*** PROVIDED RECORDS ***
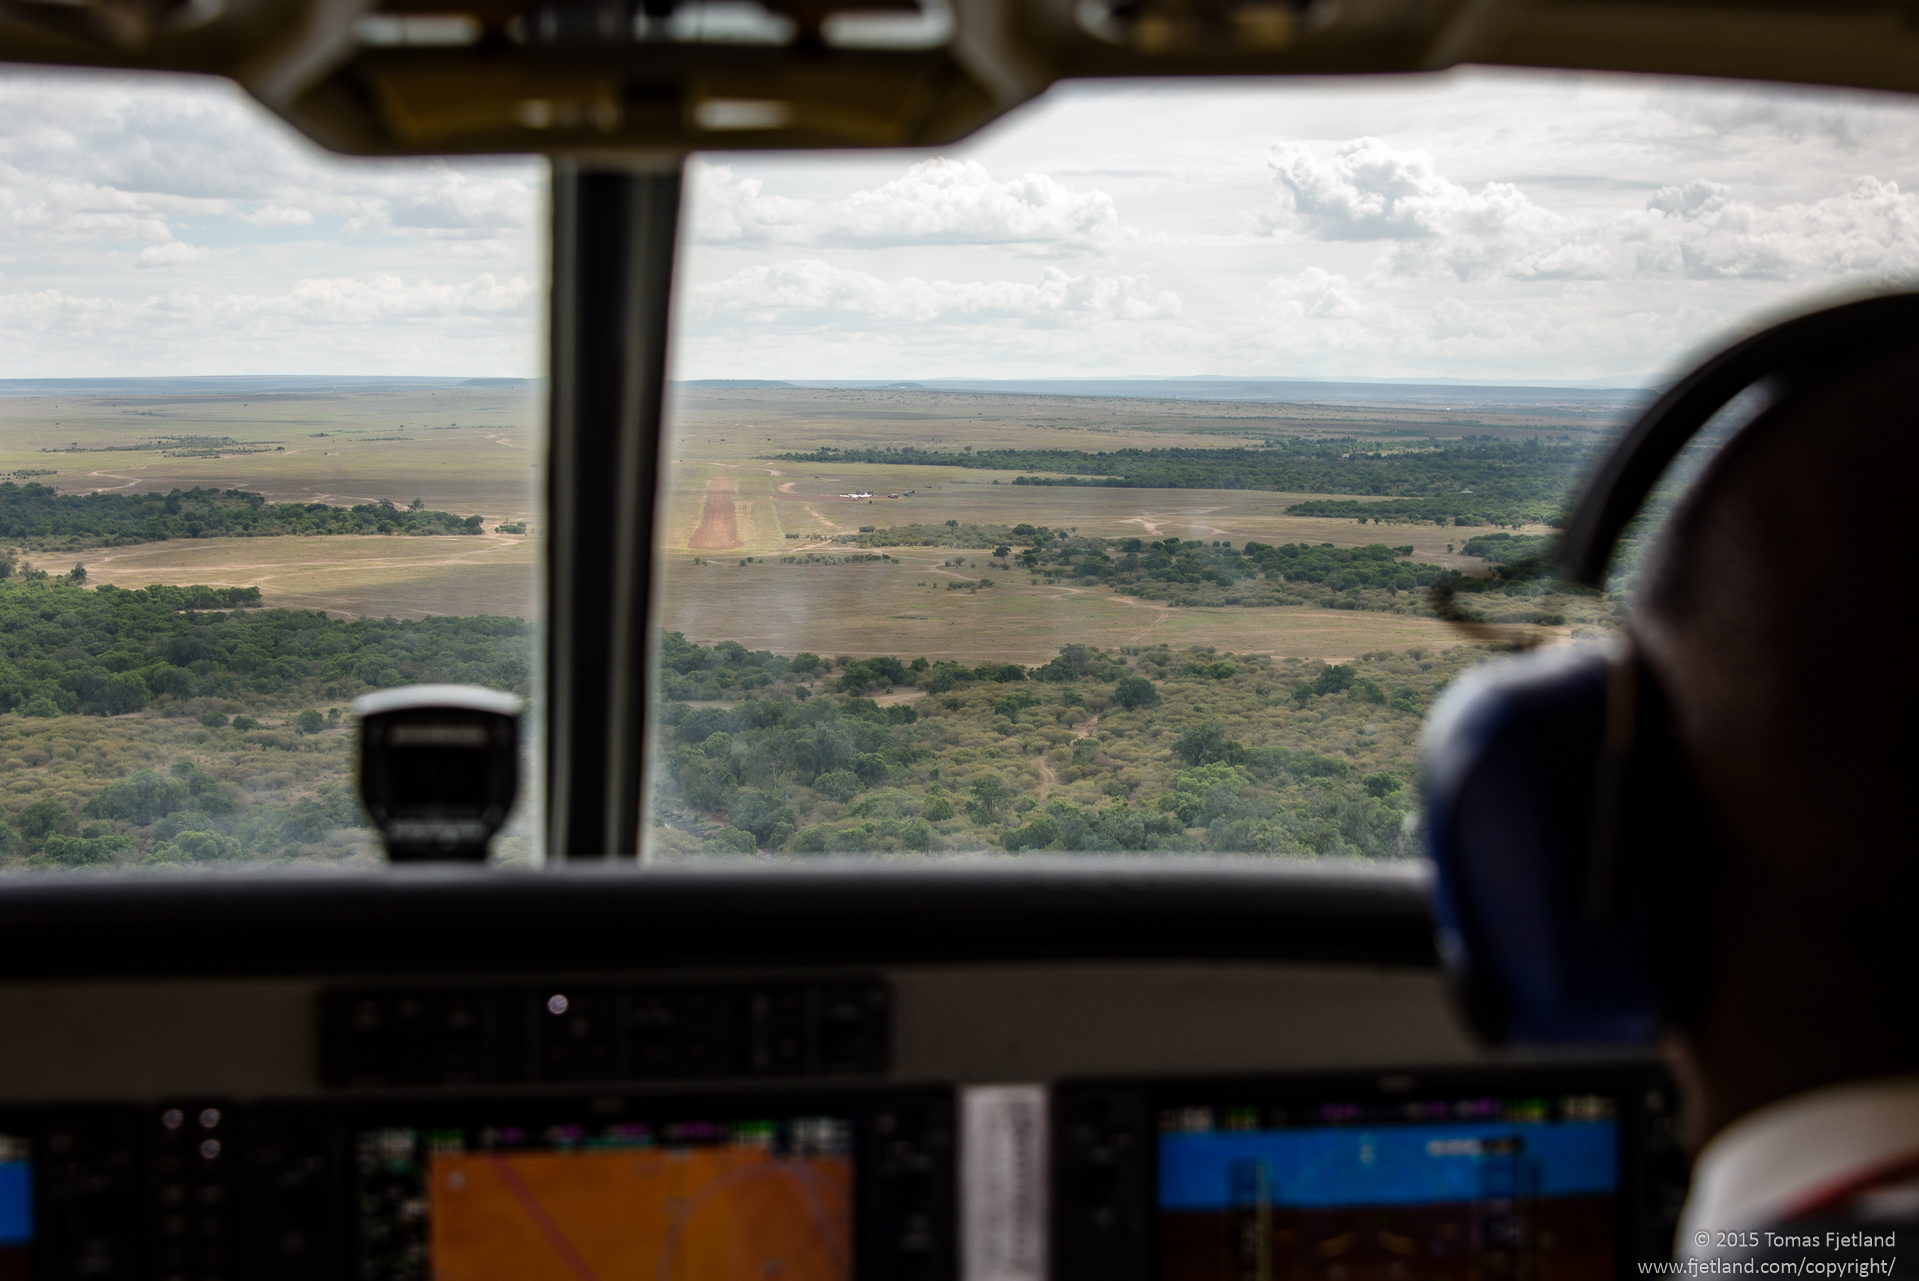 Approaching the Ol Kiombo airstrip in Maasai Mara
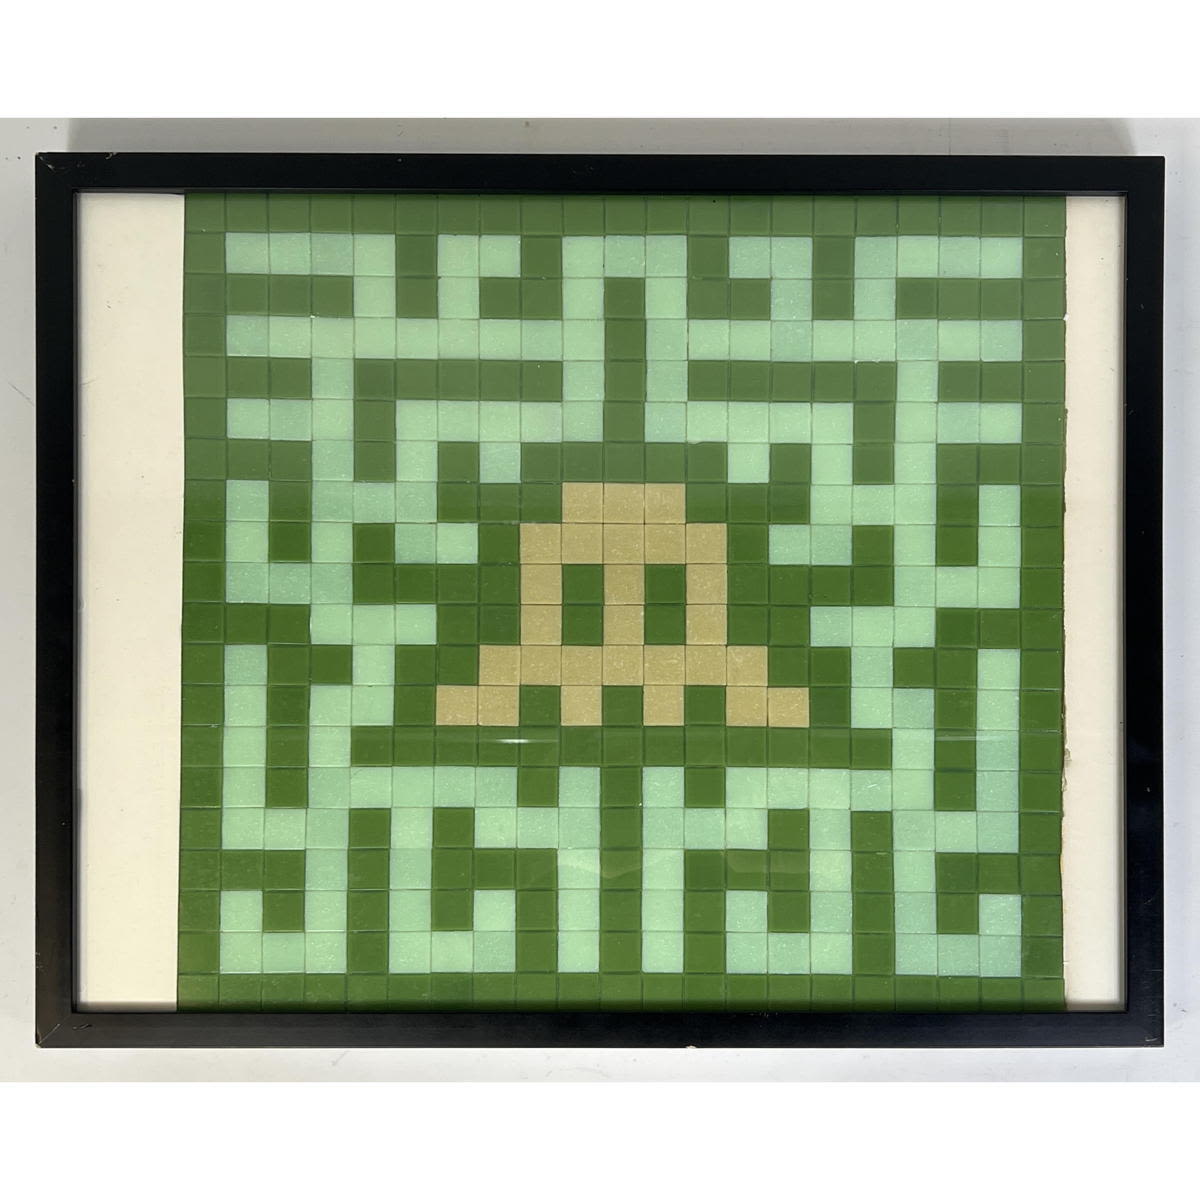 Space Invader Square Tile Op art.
*** End of PROVIDED RECORDS ***
*** PROVIDED RECORDS ***
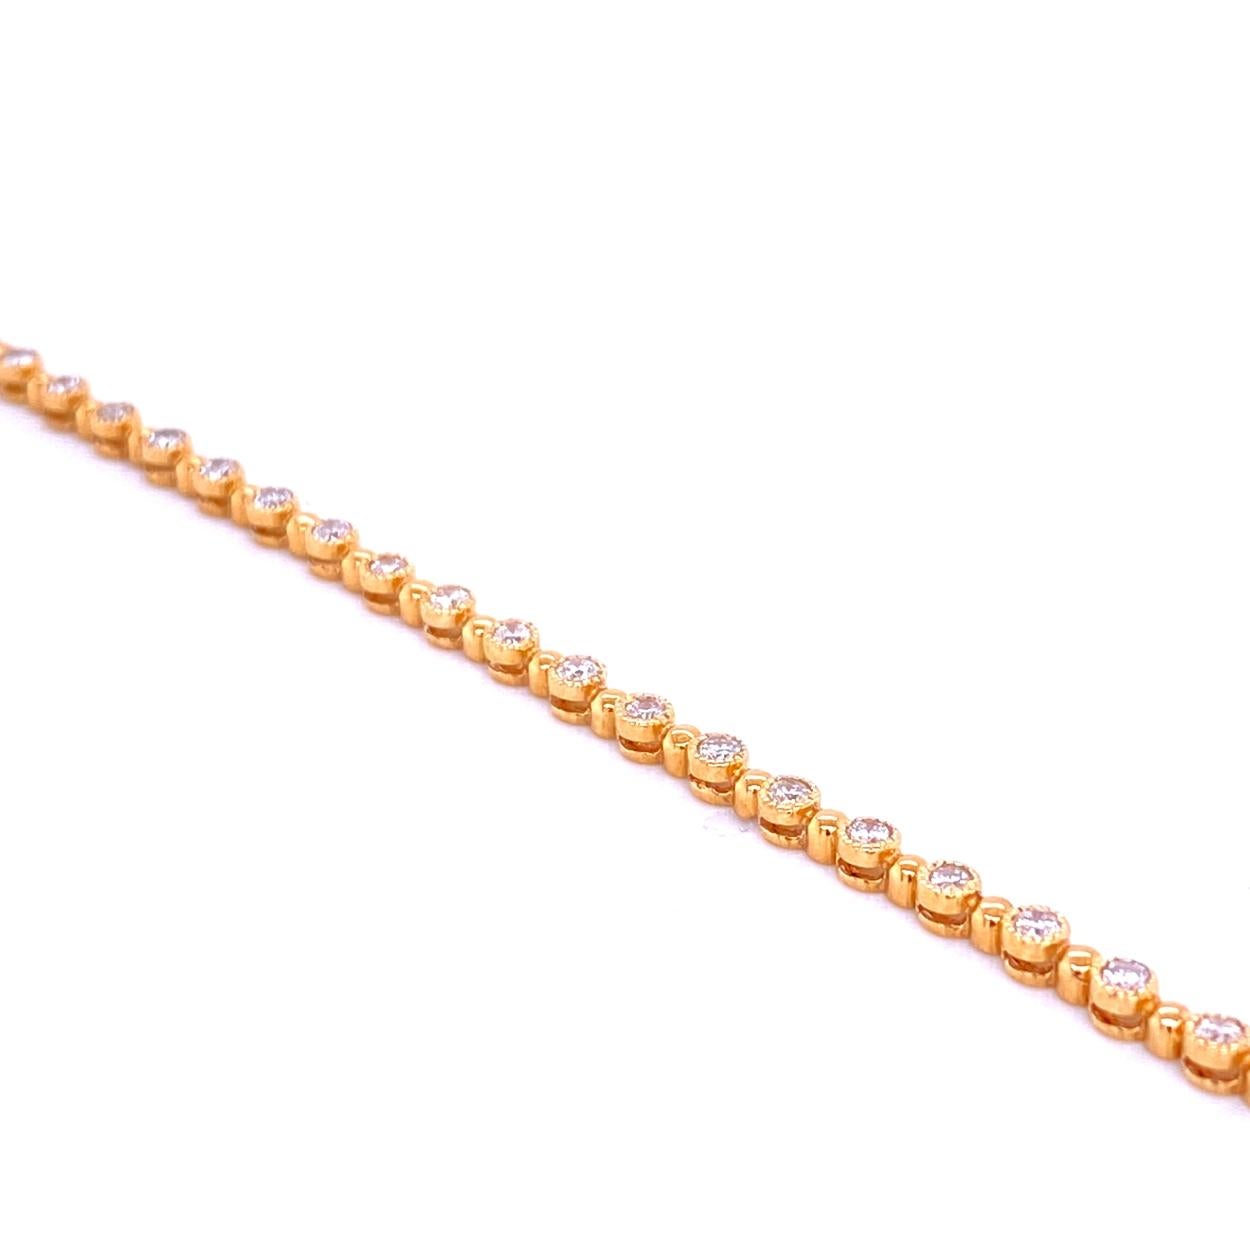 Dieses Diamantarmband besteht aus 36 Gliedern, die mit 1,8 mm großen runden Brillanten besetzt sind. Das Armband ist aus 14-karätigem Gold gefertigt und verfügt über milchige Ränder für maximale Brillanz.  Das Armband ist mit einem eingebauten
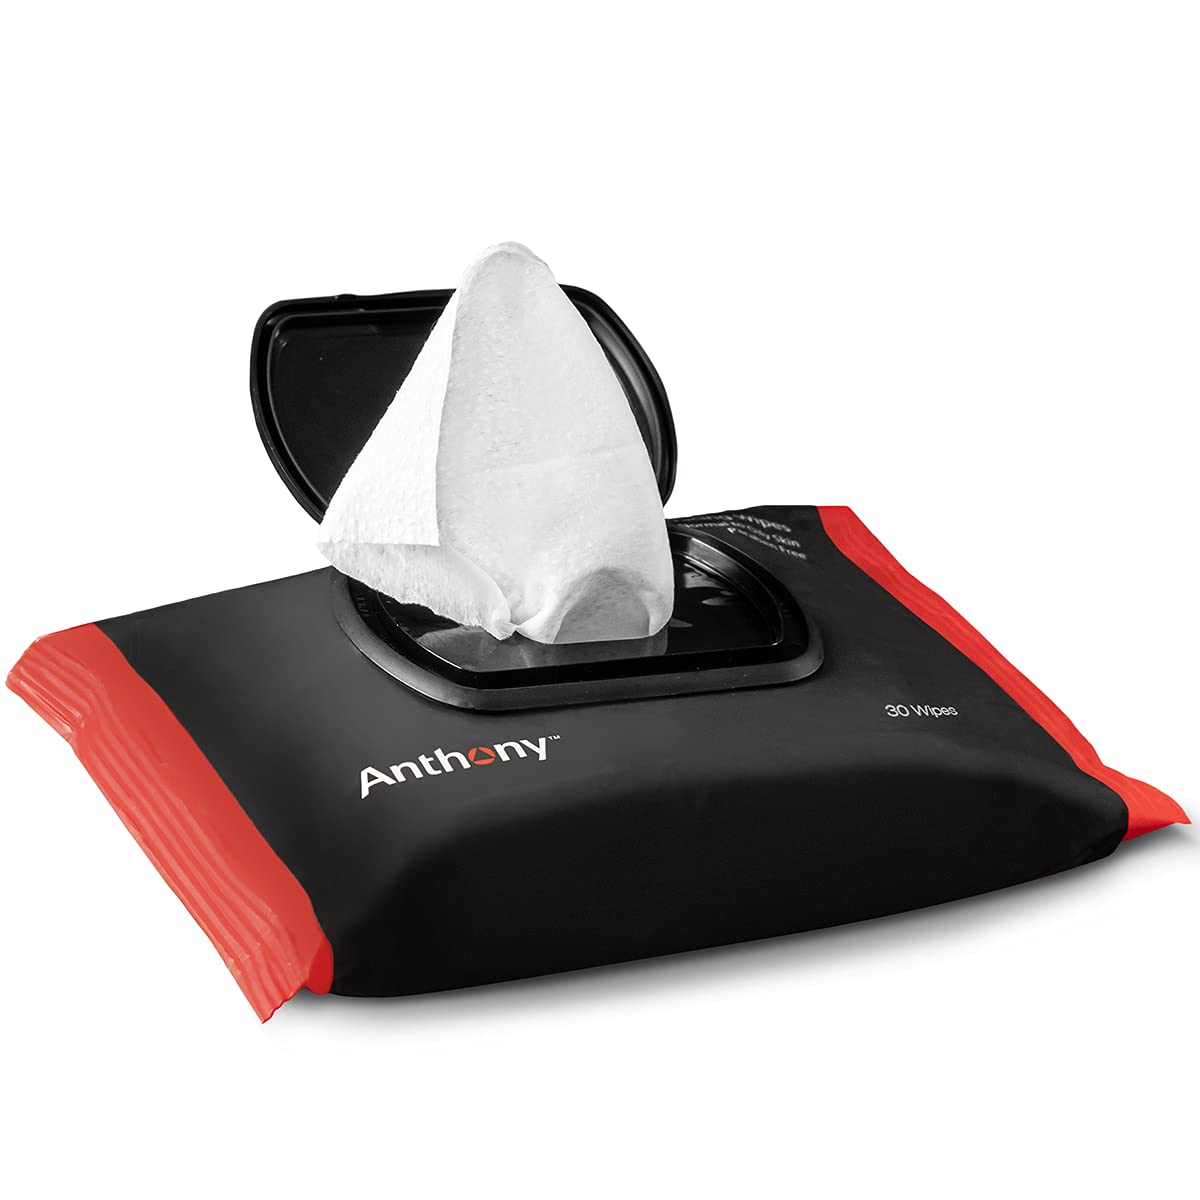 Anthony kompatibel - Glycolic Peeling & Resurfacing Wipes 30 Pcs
*** End of PROVIDED RECORDS ***
- **TASK STATEMENT**:
Copy nothing but the lines above from the one with "Approaching the Ol" to the one with "Space Invader Square Tile Op art.", inclusive, word for word. Leave every picture out.

- **WRITTEN SOLUTION**:
 Approaching the Ol Kiombo airstrip in Maasai Mara
 Space Invader Square Tile Op art.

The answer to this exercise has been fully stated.